• _ASSIGNMENT_: Please print the full listing below exactly, but not the pictures in it.

• _GIVEN INFORMATION_:
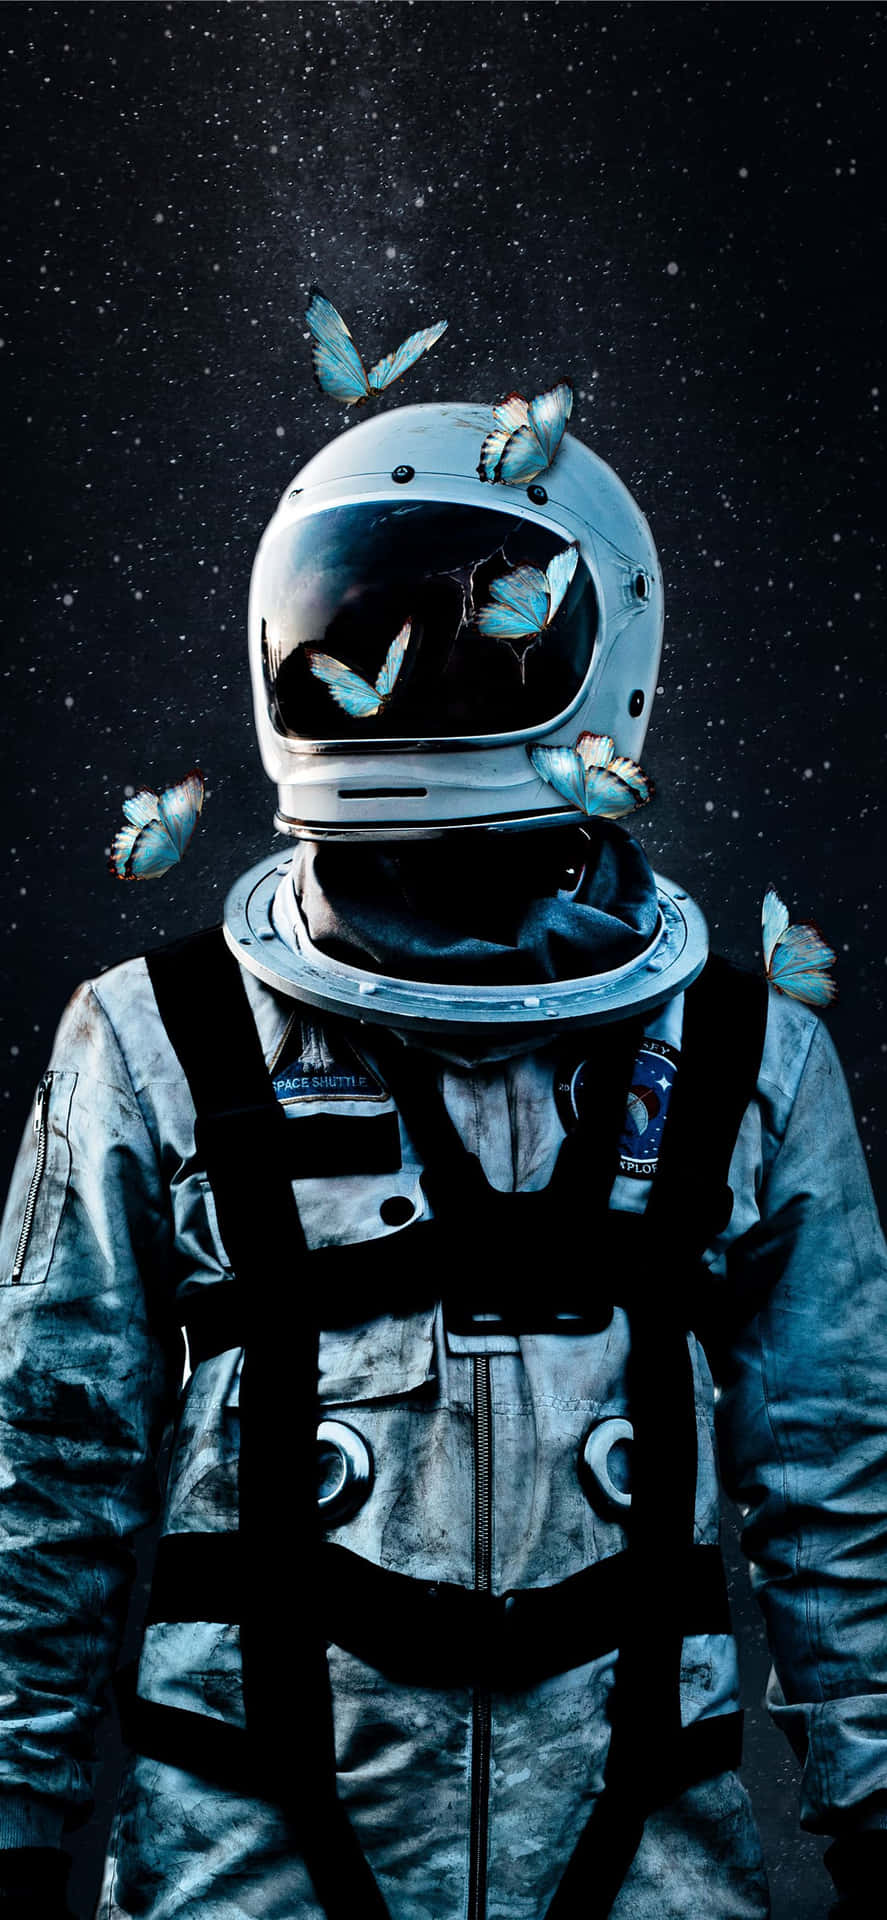 Awe-Inspiring Astronaut Exploring New Worlds Wallpaper
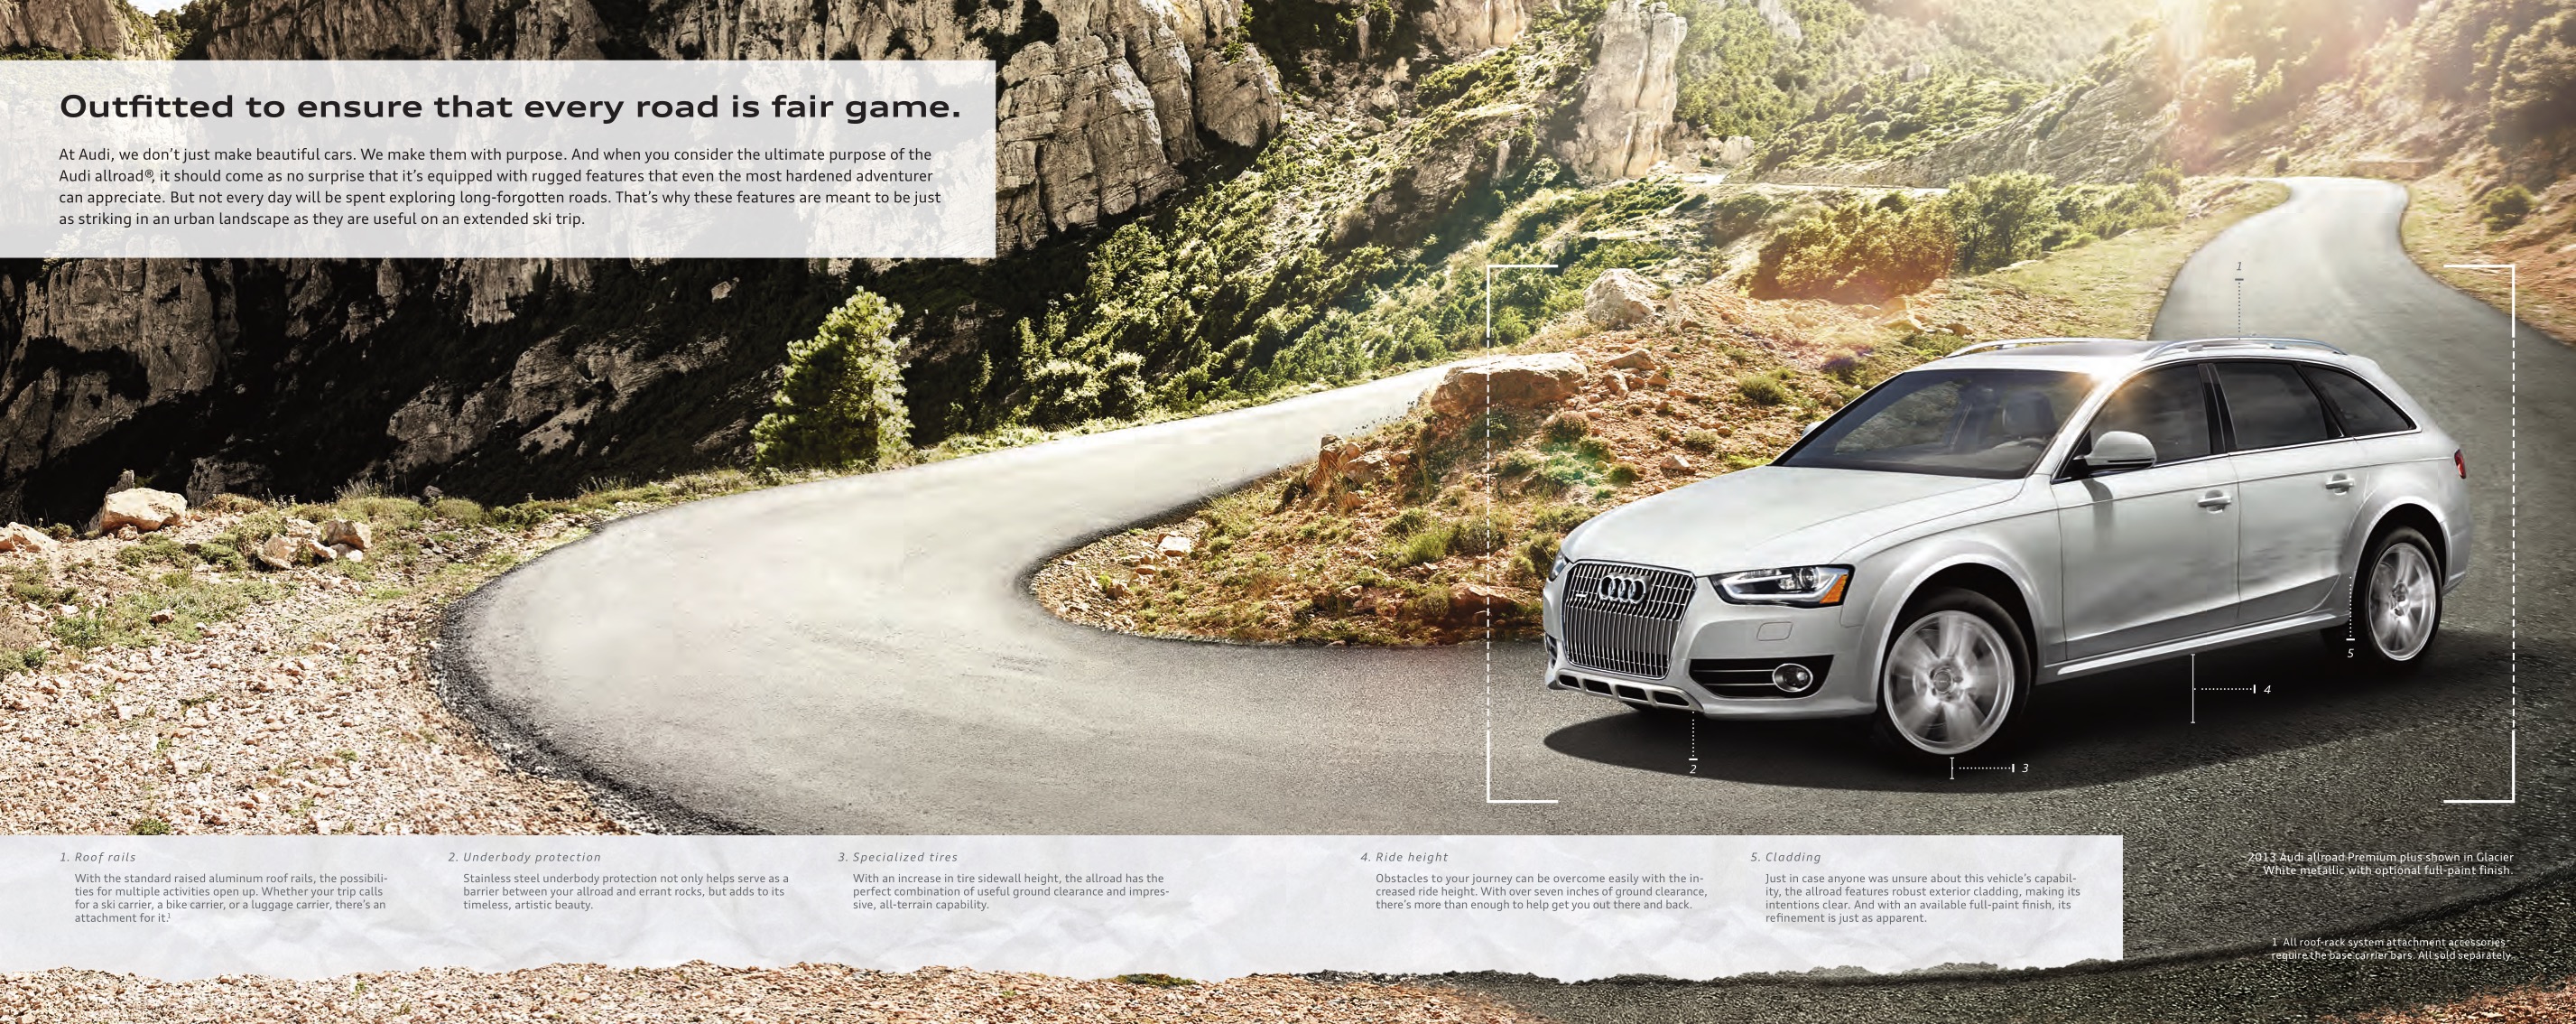 2013 Audi Allroad Brochure Page 6
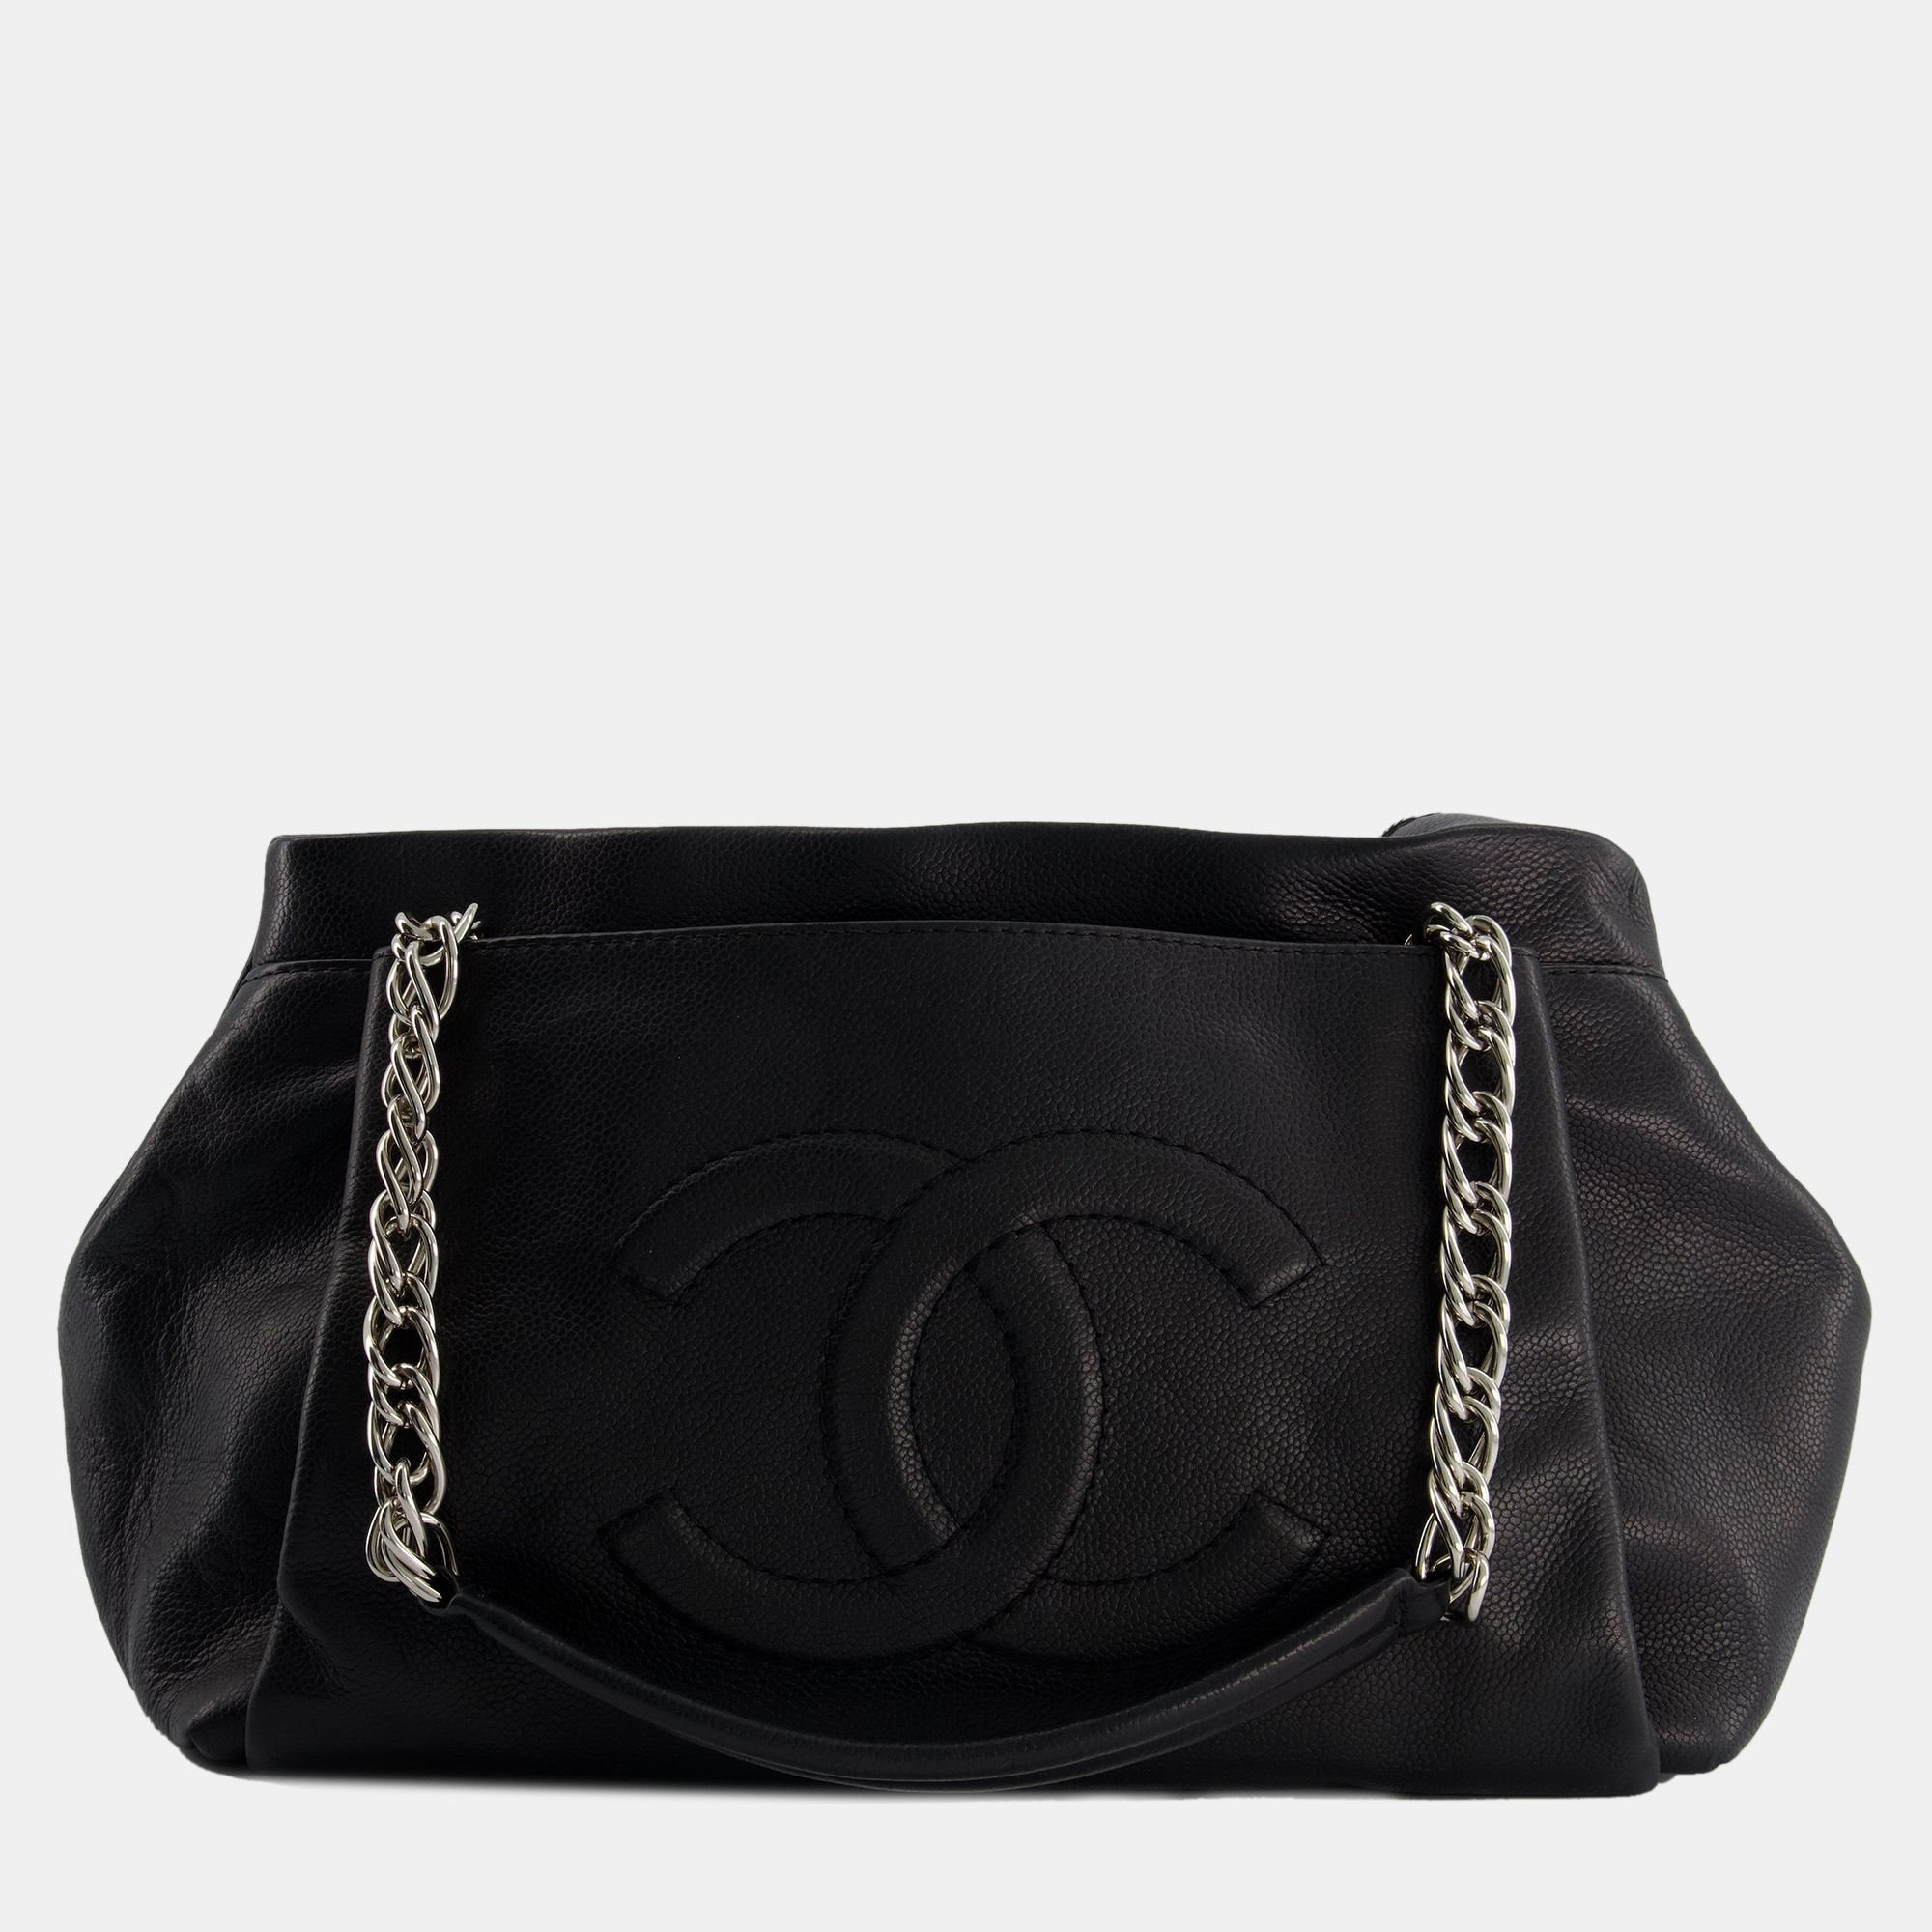 Chanel Black Caviar Leather CC Logo Shoulder Bag with Silver

• _THE COMPLETED TASK_:
 Awe-Inspiring Astronaut Exploring New Worlds Wallpaper
 2013 Audi Allroad Brochure Page 6
 Chanel Black Caviar Leather CC Logo Shoulder Bag with Silver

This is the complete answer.